Copy task. Retype the whole listing exactly, omitting any picture in it.

DATA ▸
________

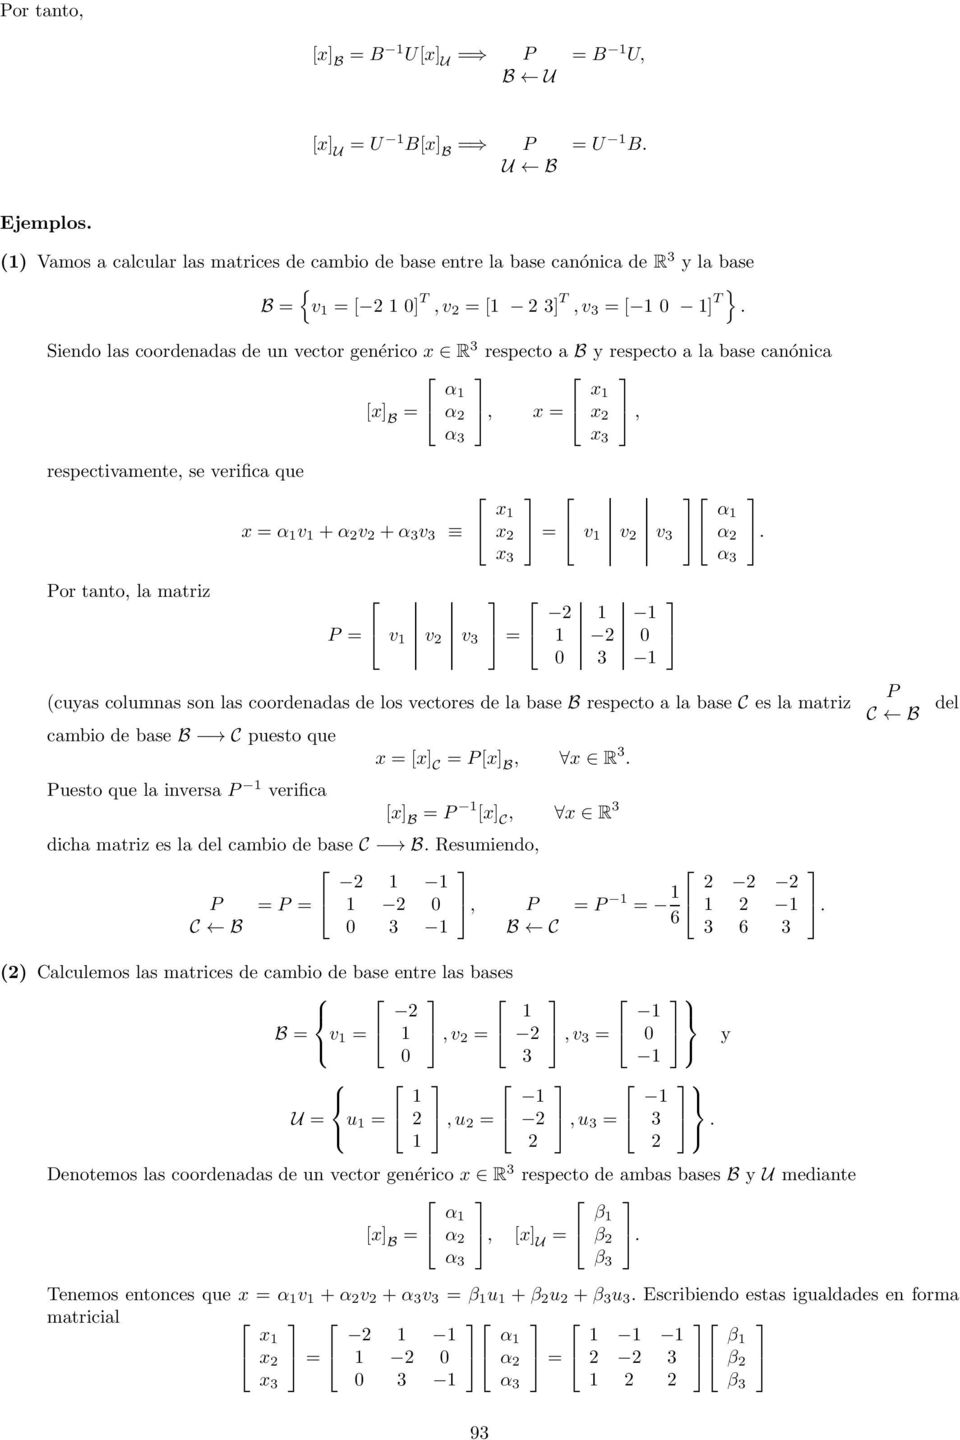 la matriz P = v v v = (cuyas columnas son las coordenadas de los vectores de la base B respecto a la base C es la matriz cambio de base B C puesto que Puesto que la inversa P verifica x = [x C = P[x
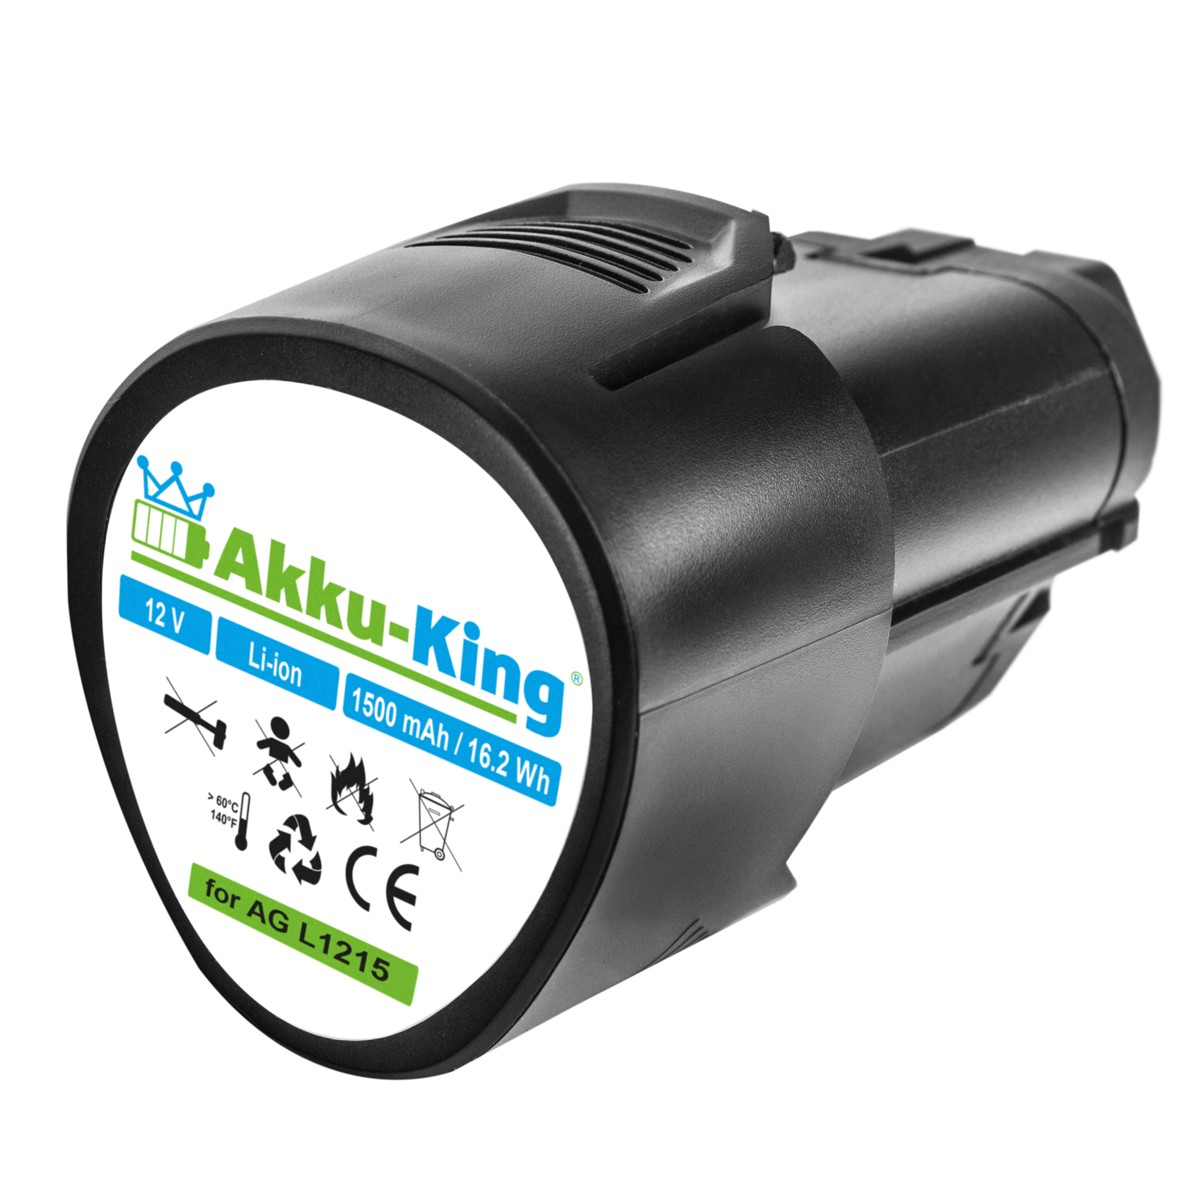 AKKU-KING Akku kompatibel mit AEG 1500mAh L1215 Volt, Li-Ion 12.0 Werkzeug-Akku
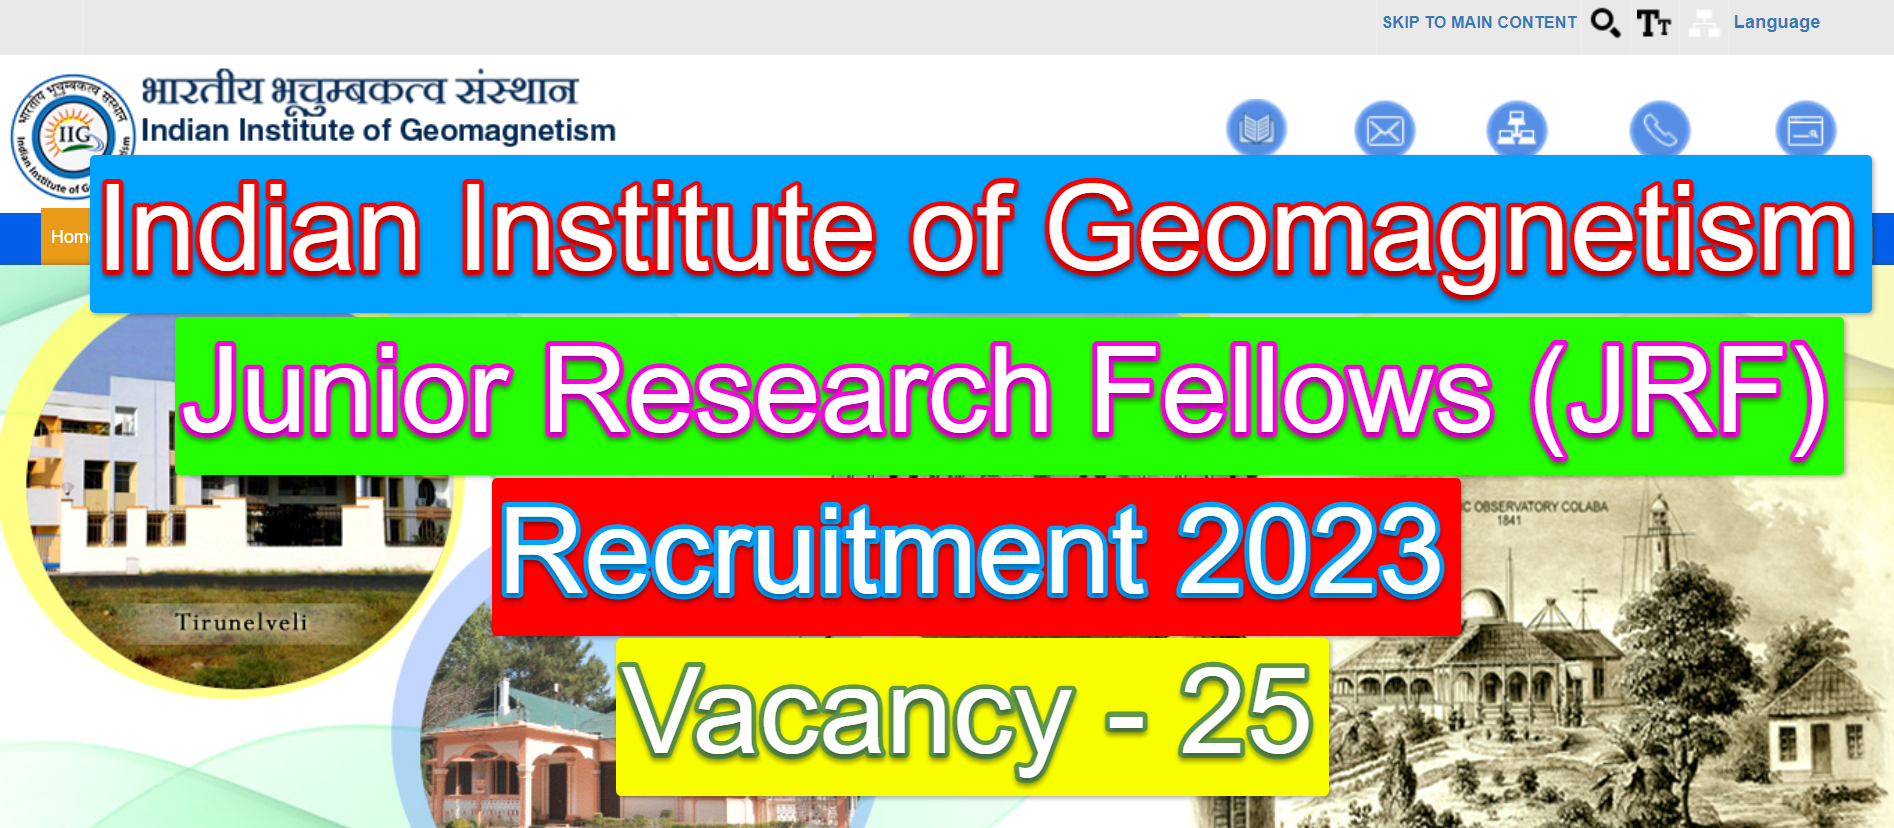 IIG Recruitment 2023 - JRF Posts

________

FINISHED EXERCISE ▸
 la matriz P = v v v = (cuyas columnas son las coordenadas de los vectores de la base B respecto a la base C es la matriz cambio de base B C puesto que Puesto que la inversa P verifica x = [x C = P[x
 AKKU-KING Akku kompatibel mit AEG 1500mAh L1215 Volt, Li-Ion 12.0 Werkzeug-Akku
 IIG Recruitment 2023 - JRF Posts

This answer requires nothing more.